Академик сел на пол, рассеянно расстегнул верхнюю пуговицу на рубашке, снова за­стегнул, машинально поправил галстук, а взгляда не отрывал от приплясывающего Мэта.

— У вас получилось. Вы сделали...

— Мы сделали, да, — Мэт закрутился на пятке, — сделали и испробовали. Одна беда — он не видит пока, ну да это поправимо.

— Так ты за этим пришёл? — если бы на голову Канамуре свалилось всё здание, он бы, пожалуй, легче пережил этот удар.

— Нет, друг ты мой, не за этим, — Мэт отбросил вдруг своё шутовство и внезапно стал страшен. — Пришёл я напомнить, что за тобой должок. Послушай-ка вот!

«Научная школа рождается как ответ на вызов, — сказал молодой, но уже тогда ужасно серьёзный и академичный Канамура. — Научной школе нужна внятная перспектива конкрет­ных результатов, чтобы новые поколения продолжали работу предыдущих. Нужна масштаб­ная проблема, на решение которой уйдут, возможно, десятки лет. — Голос у молодого Кана­муры стал вдохновенным, наполнился высоким пафосом. — Так чтó для нас более убеди­тельная перспектива — управляемые, программируемые биоткани или какие-то эфемерные проекты сохранения непосредственной информации о живом? Дайте нам ресурсы — и мы за двадцать лет переведём медицину на совершенно новый уровень. А что обещает нам уважае­мый предыдущий докладчик? Сказочную победу над смертью? Давайте смотреть в глаза ре­альности, коллеги!»

— Посмотри в глаза реальности, Юдзё, — сказал Мэт, снова склоняясь к самому лицу Канамуры, — посмотри и признай, что свой долг ты не выплатил. Ты победил тогда, получил всё, а его забыли. Но должок остался. Нет у тебя никакого нового уровня, а есть орава учени­ков, которые растащили твою перспективу на мелкие частные проблемы, наклепали диссер­таций и думать забыли о твоей великой миссии. И в жертву этому ты принёс — не нас, упаси бог, даже не его! — а перспективу совершенно новой жизни для всех. Для всех людей.

Ласковый закатный свет понемногу втёк на балкон, коснулся лица Мэта и сделал его бронзовым.

— Плати свой долг, академик Канамура, плати сполна. А мне пора — он нас ждёт.

Когда Канамура остался на балконе один, вернулась ясность мысли, а вместе с ней и воспоминания о каждом ученике. Один за другим, как на киноплёнке, они проплывали перед глазами. Не лица, нет! Он хотел видеть лицо — а видел уютную должность и солидный оклад. Хотел увидеть другое, такое знакомое, — а увидел тускло блестящую медаль. Моно­графии, премии, важные посты, и за всё это — спасибо любимому учителю! А что великая задача не выполнена — это их не пугает, ничего, это будущие поколения исправят.

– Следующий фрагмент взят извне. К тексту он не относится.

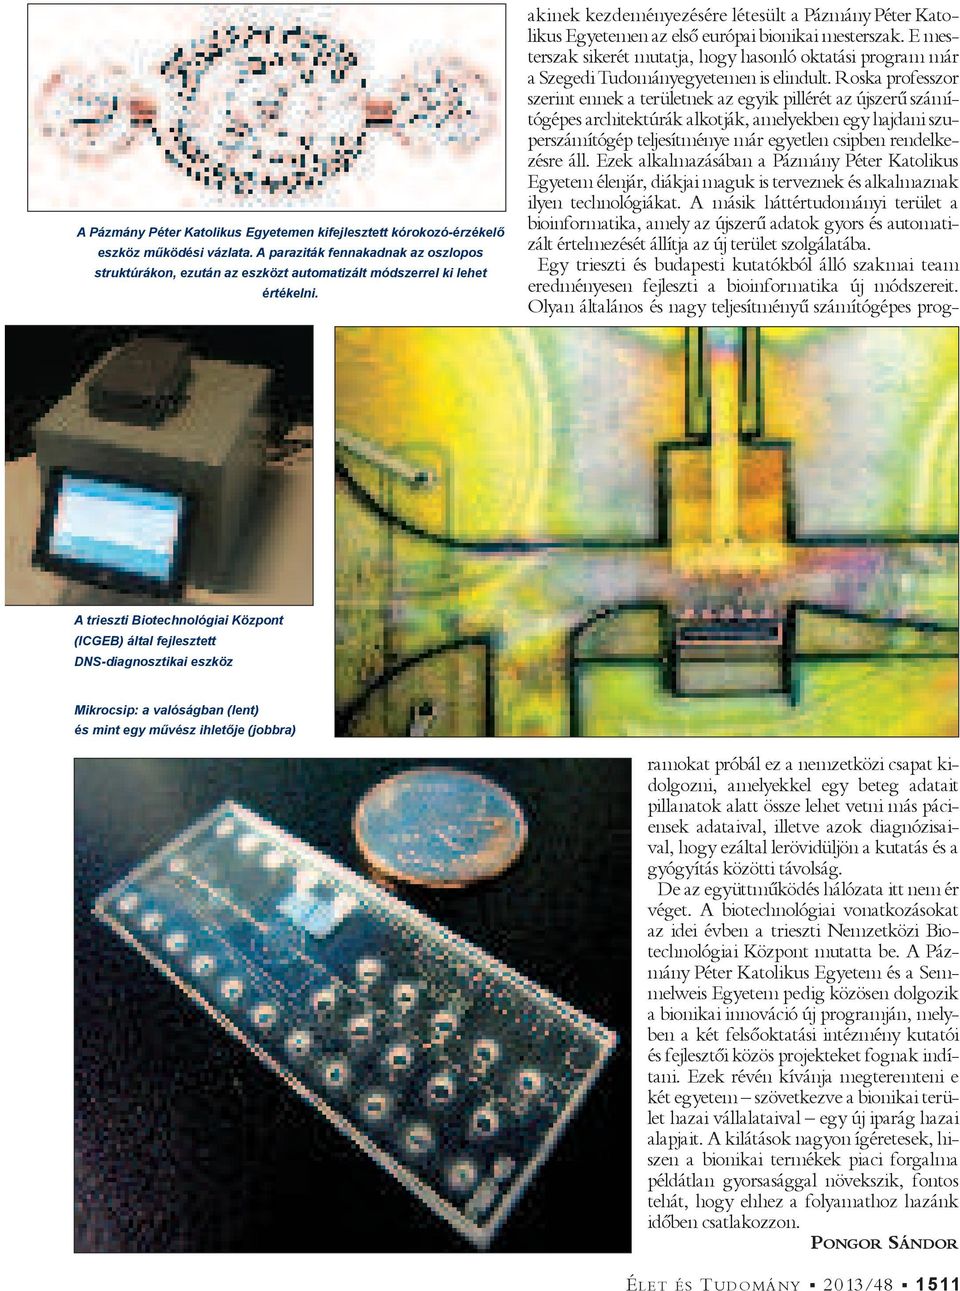 A trieszti Biotechnológiai Központ (ICGEB) által fejlesztett DNS-diagnosztikai eszköz Mikrocsip: a valóságban (lent) és mint egy m vész ihlet je (jobbra) akinek kezdeményezésére létesült a Pázmány

И вызолоченный солнцем асфальт внизу, в двадцати метрах под балконом, показался вдруг самой настоящей, убедительной перспективой.

*

— Это ведь большая награда, правда? — Жена обнимает Саймона и заглядывает в глаза. Как будто немножко играет, как будто не знает, что значит для мужа жёлтенькая карточка в конверте.

— Это не награда, Лью, это большая забота, — улыбается Саймон, — а моя самая большая награда — это ты.

Это большая забота — золотая карта эксперта. Это сотни проектов в год, по которым нужно сделать заключение, перепроверить его дважды и трижды, перечитать, усомниться, перечитать ещё раз, отложить, преодолевая сомнения, и всё же принять решение. И так каж­дый из сотен раз. От того, что ты напишешь в сухой электронной форме, зависит, какой ста­нет наука через несколько лет. Или через десятки. Или ещё дальше — мы не знаем, куда про­стираются последствия наших решений...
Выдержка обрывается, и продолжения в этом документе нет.